3) Make Basic Compound Movements the Foundation
Since Noah built the first gym on his ark, the belief that compound movements (which recruit a number of muscle groups to complete an exercise) are superior for building solid strong muscle has been undisputed among strength athletes. In powerlifting, the three basic compound exercises are barbell squats, barbell bench presses, and barbell deadlifts. Since compound movements involve a number of muscle groups, greater loads can be lifted and more muscle growth results. Isolation exercises primarily involve the use of one muscle group. They are used to strengthen some of the smaller muscle groups that assist in performing the three basic movements.
4) Vary Your Workload
Your body is an adaptive organism and will adjust over time to workloads you place upon it, until the load becomes too great and you risk damaging your muscles. That is why you must vary the workload by starting with lower poundages and higher reps. As your body adapts to the workload over a period of weeks, begin to increase the resistance and lower the number or reps per set.
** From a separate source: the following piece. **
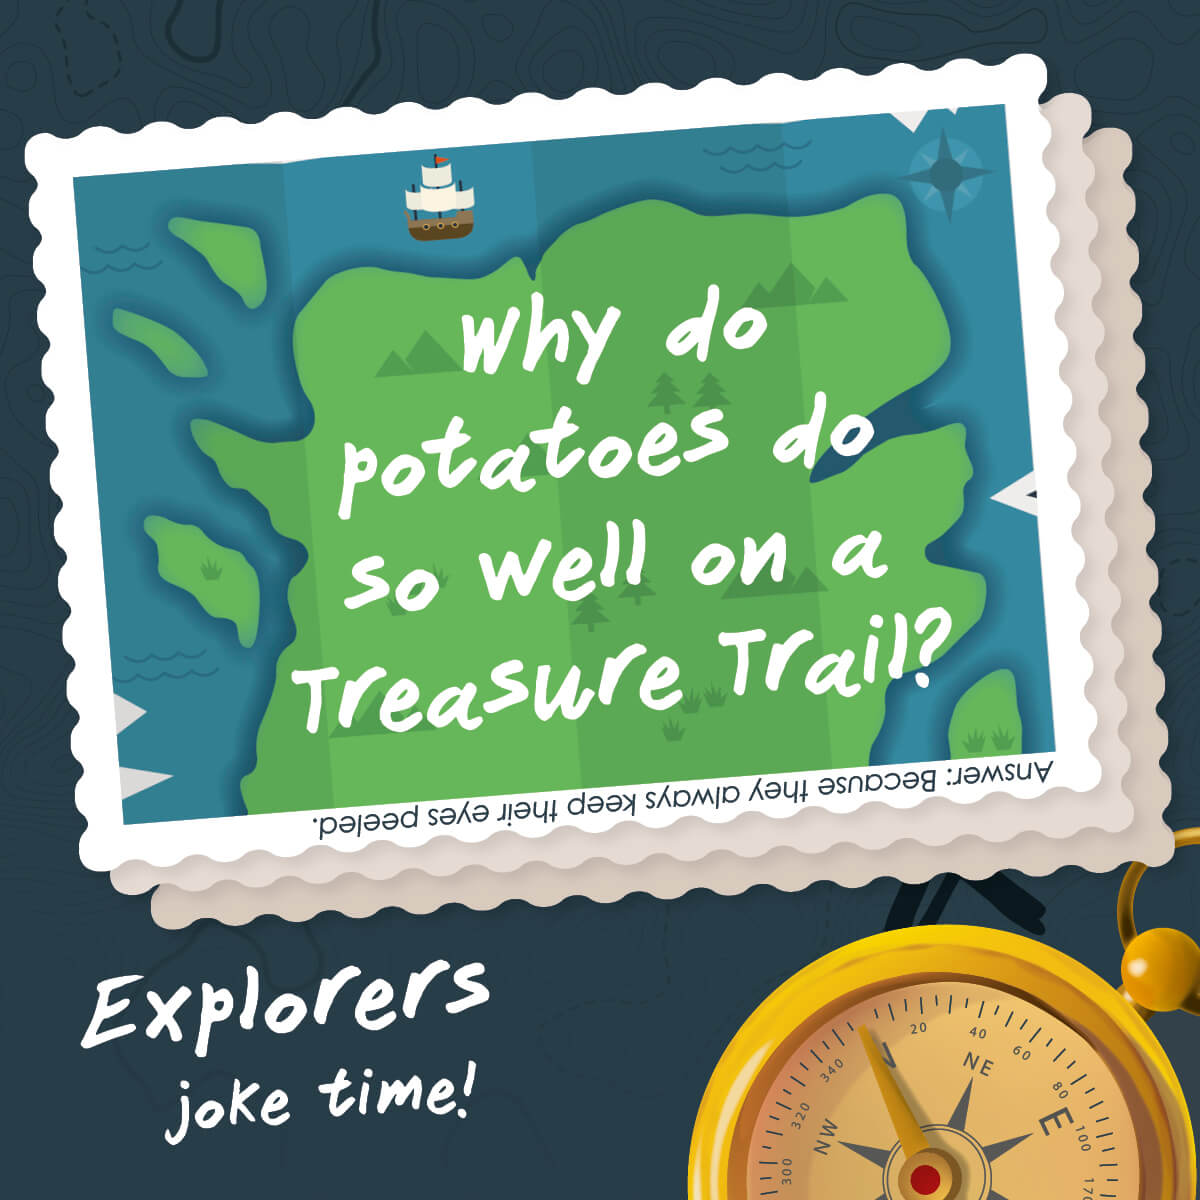 Treasure Trails joke time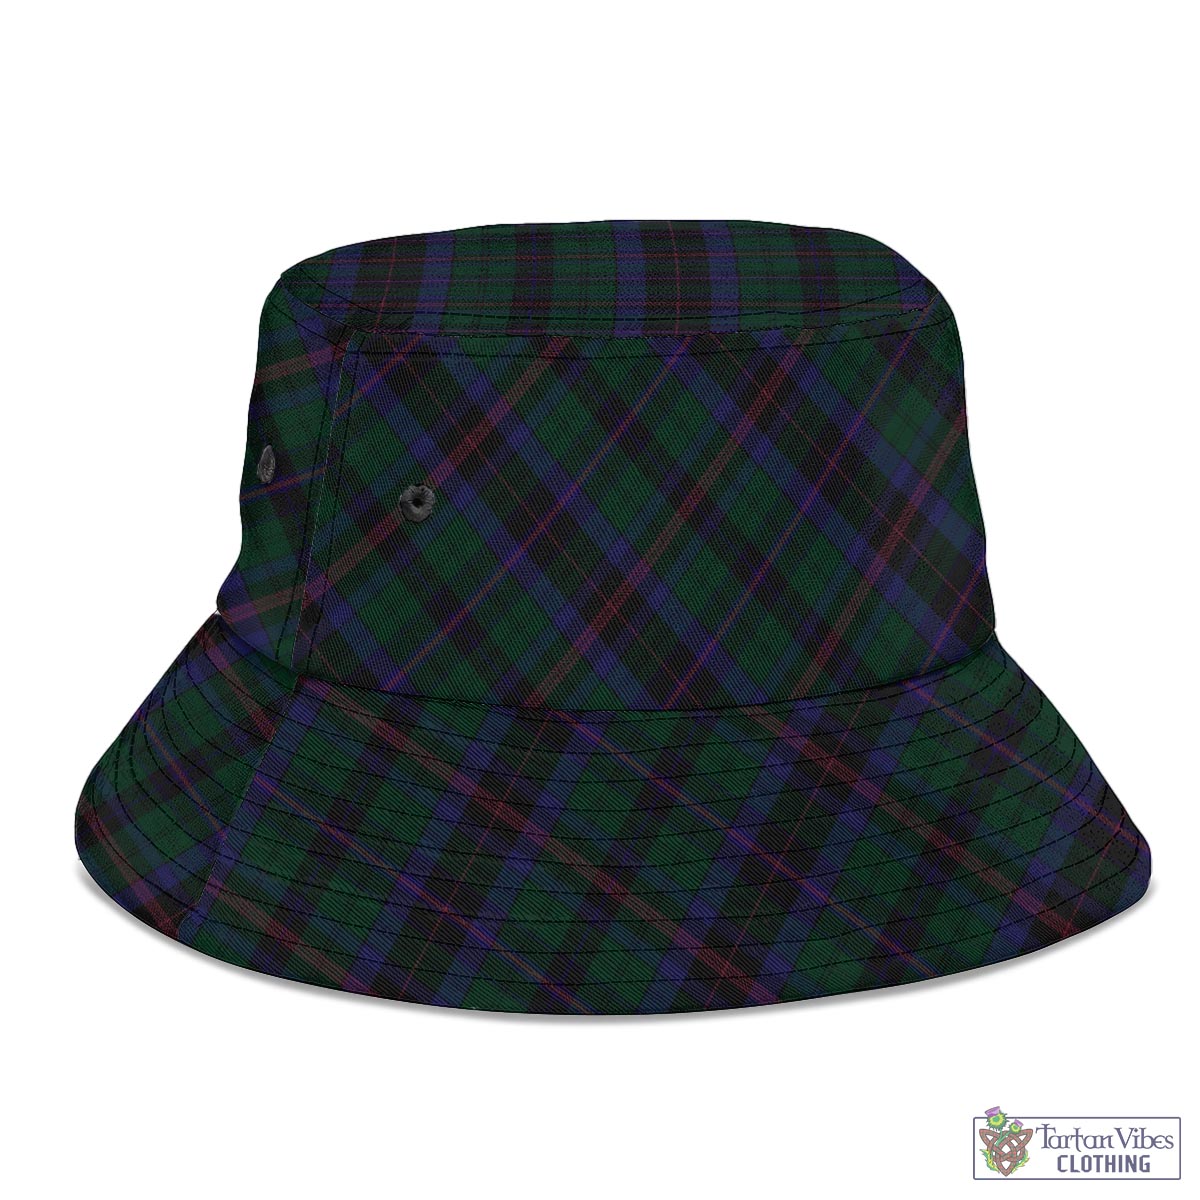 Tartan Vibes Clothing Phillips of Wales Tartan Bucket Hat

5) Break the Year Into Training Phases
You cannot always lift maximum loads or your progress will stall and you will run the risk of getting injured. Instead, break you year into blocks, or training phases, so each workout is part of a long term plan to make measured gains over a set period of time. Each phase prepares you for the next, so each workout becomes a steppingstone to reaching your bigger goals.
6) Rest Builds Muscle
When you train, you damage muscle tissue, so you need to recover from the hard work. Plenty of rest is required to repair damage and, in turn, build bigger muscles. Resting will also ensure you w ill have the energy you need to put 100% into every workout. Your time away from the gym, resting and eating, is just as important as your time in the gym. We recommend that you get eight hours of sleep a night and nap during the day if possible.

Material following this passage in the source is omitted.